Big brain evolution: our special gene is identified (Evolution)

by dhw, Sunday, January 13, 2019, 14:36 (1891 days ago) @ David Turell

dhw: Shapiro concludes that the ability of bacteria to solve problems indicates intelligence. As a doctor, you know it takes generations of bacteria to solve some problems, and millions die before they work out ways of countering measures devised to kill them. This is not “high speed”. Meanwhile, what happened to your God’s instructions?

DAVID: Missed my point: I was referring to immediate stimuli of daily living. The antibiotic appears, and if it is totally effective, all bacteria die. But there will always be a small group with enough immunity to survive and adapt to the antibiotic by adopting an existing metabolic path answer or using gene transfer. Bacteria do this automatically, God's instructions used.

Initially you repeat what I wrote: There is no totally effective antibiotic and so all bacteria don’t die. A small group finds a remedy and passes it on. “Adopting an existing metabolic path answer” is a fine sounding phrase which apparently means that God’s automatic survival programme failed miserably at first, but then clicked in later. It apparently takes time for your God’s “high speed” technology to work. Alternatively, perhaps some bacteria use their intelligence to find a suitable means of solving a new problem which some of their less intelligent buddies were unable to solve.

DAVID: The deletion idea from Behe is simply the reserve [dhw: reverse?] of that possibility, in that info is simply taken out of the process. One or the other is very likely a correct analysis.

dhw: “Simply”? It means that the first cells contained the DNA for every single life form in history – insects, birds, reptiles, mammals – not to mention all the bits that got discarded during speciation: teeth, sexual organs, spikes, fins, legs, trunks, human pelvises, whale pelvises….You call that simple?

DAVID: Simple for God.

Any reason why he couldn’t "simply" have invented a single mechanism (the intelligent cell combining with other intelligent cells) capable of inventing all the above? Too difficult?

DAVID: Again avoiding the point of small group size. To go from ape to erectus takes massive mutational changes. If as suspected 10,000 erectus existed and previous antecedent hominins were in similar amounts, and if we use the known helpful mutations rates which are slow, and if we assume a new generation every 18-20 years how did erectus and sapiens appear so quickly in geologic time of six-eight million years?

dhw: Once again, nothing to do with group size, and everything to do with speed. 6 million divided by 20 = 300,000 generations. I am not talking about helpful chance mutations but about the ability of cell communities described above, so how the heck would anyone know how many generations are needed? There is no precedent.

DAVID: The precedent is the human rate of mutations is known and is slow and less than 20 % cause an advance.
"https://www.bionews.org.uk/page_91833

"The team at the Sanger Institute have now accurately calculated the mutation rate. They sequenced the same piece of DNA - just over 10,000,000 letters from the Y chromosome - from two men separated by 13 generations, whose common ancestor lived 200 years ago. They counted the difference between the two sequences and found only four mutations. From their data they were able to calculate the mutation rate.
''These four mutations gave us the exact mutation rate - one in 30 million nucleotide each generation - that we had expected', says Dr Tyler-Smith."

And do you really think that 200 years and 13 separate generations under stable conditions provide an accurate guide to a process that went on under ever changing conditions for 6-8 million years and 300-400,000 generations?

dhw: You agree that the groups were small, and I proposed that they were localized, probably because of changes to local conditions, whereas the rest of the ape family were not affected. Why do you think this hypothesis is less likely than your God fiddling with the anatomy of a few apes and then telling them to go and live on the ground even though they would have been happy to stay in the trees?

DAVID: Again avoiding the speed of the change. It has to be by design.

Speed dealt with above. So why do you think localized response to changing conditions is less likely than your God fiddling with the anatomy of a few apes and making them abandon their happy life in the trees?

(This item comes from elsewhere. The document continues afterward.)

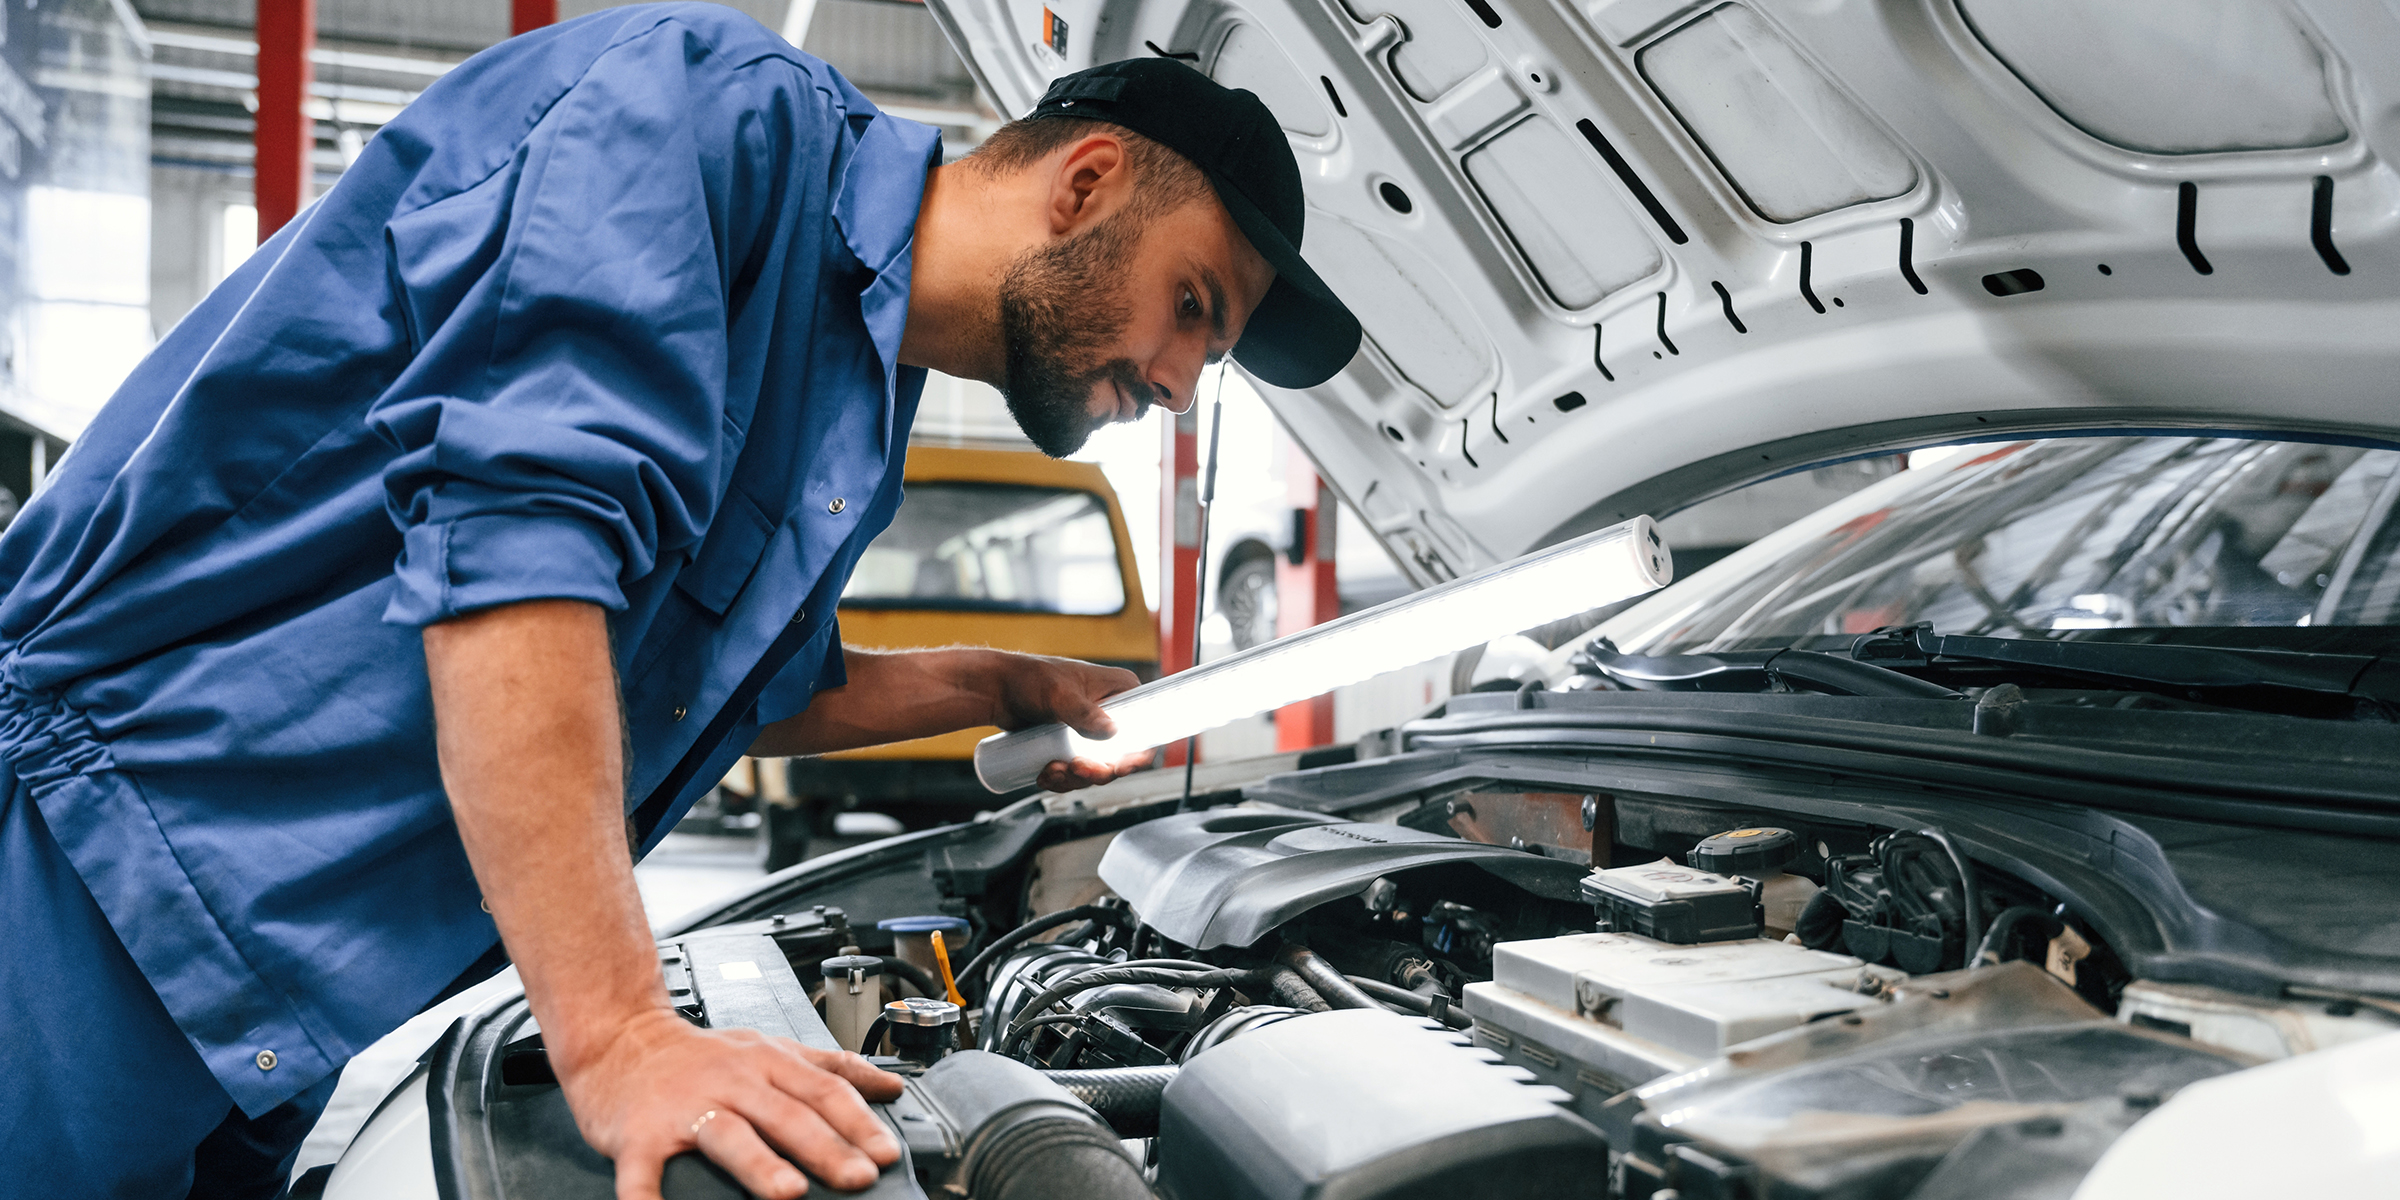 A mechanic working on a car | Source: Shutterstock

dhw: […] please tell us which half of the “semi-autonomous” evolutionary process was autonomous. i.e. was the independent, intelligent decision-making of the organisms concerned.

DAVID: It is a concept. You, in a silly way, want exactitude. Semi-autonomous means within prescribed limits of design.

“Prescribed limits” restrict what can and can’t be done. A man in prison can’t autonomously decide to go for a walk in the country. I never imagined that a prototype ant could turn itself into an eagle or an elephant. But I can imagine cell communities over billions of years using their perhaps God-given intelligence to invent new ways of coping with or exploiting new conditions. And so I’m quite happy to accept the idea that cell communities autonomously restructure themselves, independently designing their own adaptations and innovations within limits prescribed by the environment and their own capabilities. Did you have any other “prescribed limits” in mind?